In my view, an award of security is warranted and to do so would not visit an injustice on Copeland. The application has been made quite promptly after the commencement of the proceeding. The proceeding involves no issue of public policy.
I consider it appropriate to make an award of security but only for the period running from seven days after the demand for such security was made on Copeland up to completion of the mediation of the proceeding.
The demand for provision of security was by letter on 11 January 2011 to Copeland’s solicitors. The request for security was declined one week later.
In the affidavit of Cyril Ger sworn 25 February 2011 and filed on behalf of the defendants, he deposes that he has operated a legal costing practice since December 1998. Mr Ger contends that from 25 February to the completion of mediation the second to fifth defendants are likely to incur $148,519.90 in fees which consists of $31,750 by way of disbursements and $116,761.90 by way of professional fees.

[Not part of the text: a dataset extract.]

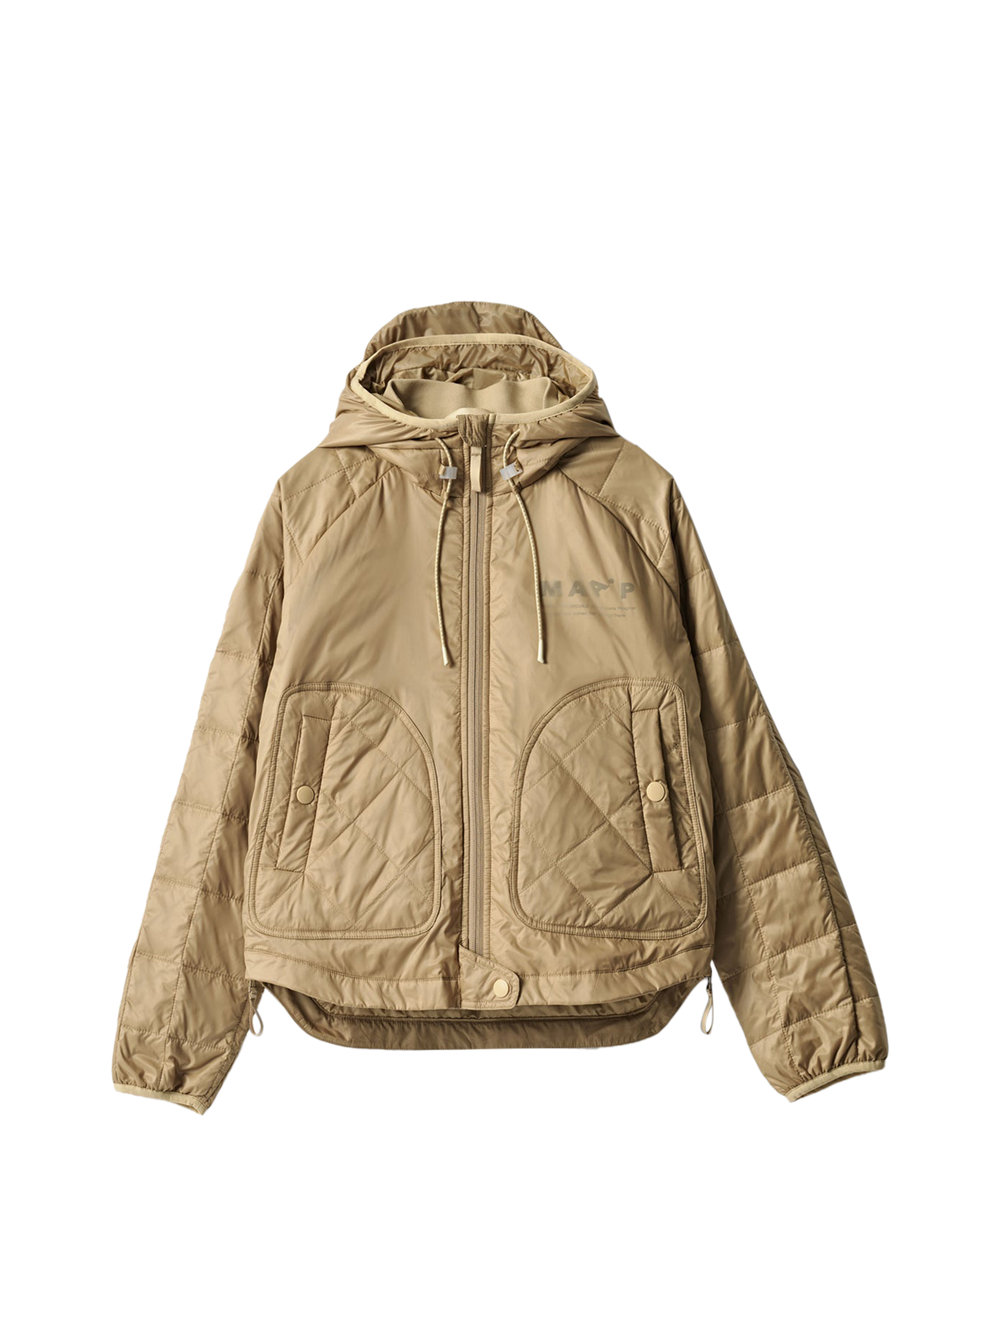 Product Image for The Arrivals + MAAP Alt_Road Women's Haelo Packable Jacket

Copeland’s solicitor, Ferdinand Zito, in his affidavit in opposition to the application sworn 2 March 2011, contends that a reasonable and practical estimate likely to be incurred by the applicant/defendants ‘is about $60,000’. Aside from making some superficial criticisms of Mr Ger’s evidence, he does not embark on a detailed critique on Mr Ger’s projected bill of costs.
On my review of that draft bill, it is appropriate to make some reduction of the amounts claimed. There is provision for scanning Copeland’s documents which are estimated to be 9,000 folios, yet discovery is yet to be made and its volume is unknown. An amount of $22,500 is claimed for that. Disbursements of $20,000 for an expert is claimed but it is not clear how such estimate is arrived at. An amount of $107,500 is claimed for professional costs but that is in the nature of an ambit figure.
An order for security for costs is not intended to be a complete indemnity[6] and although it seems somewhat unlikely, I have to make some allowance for the possibility that the matter may settle at mediation. Further, experience teaches that even if the defendants are successful, when bills are taxed on a party-party basis, significant sums are often taxed off.
[6]Brundza v Robbie & Co (No2) (1952) 88 CLR 171 at 175
I consider an appropriate amount for security up to the completion of the mediation is $80,000. I will order that Copeland is to give security for the costs of the second to fifth-named defendants in a form acceptable to the Prothonotary in the sum of $80,000 within 21 days of today’s date. I will also order that if Copeland does not provide security for the costs of the second to fifth defendant within that period, the proceeding be stayed as against the second to fifth defendants until further order of the Court. I will hear the parties on the questions of costs.
The second to fifth defendants have liberty to apply for provision of further security if the matter does not resolve at mediation.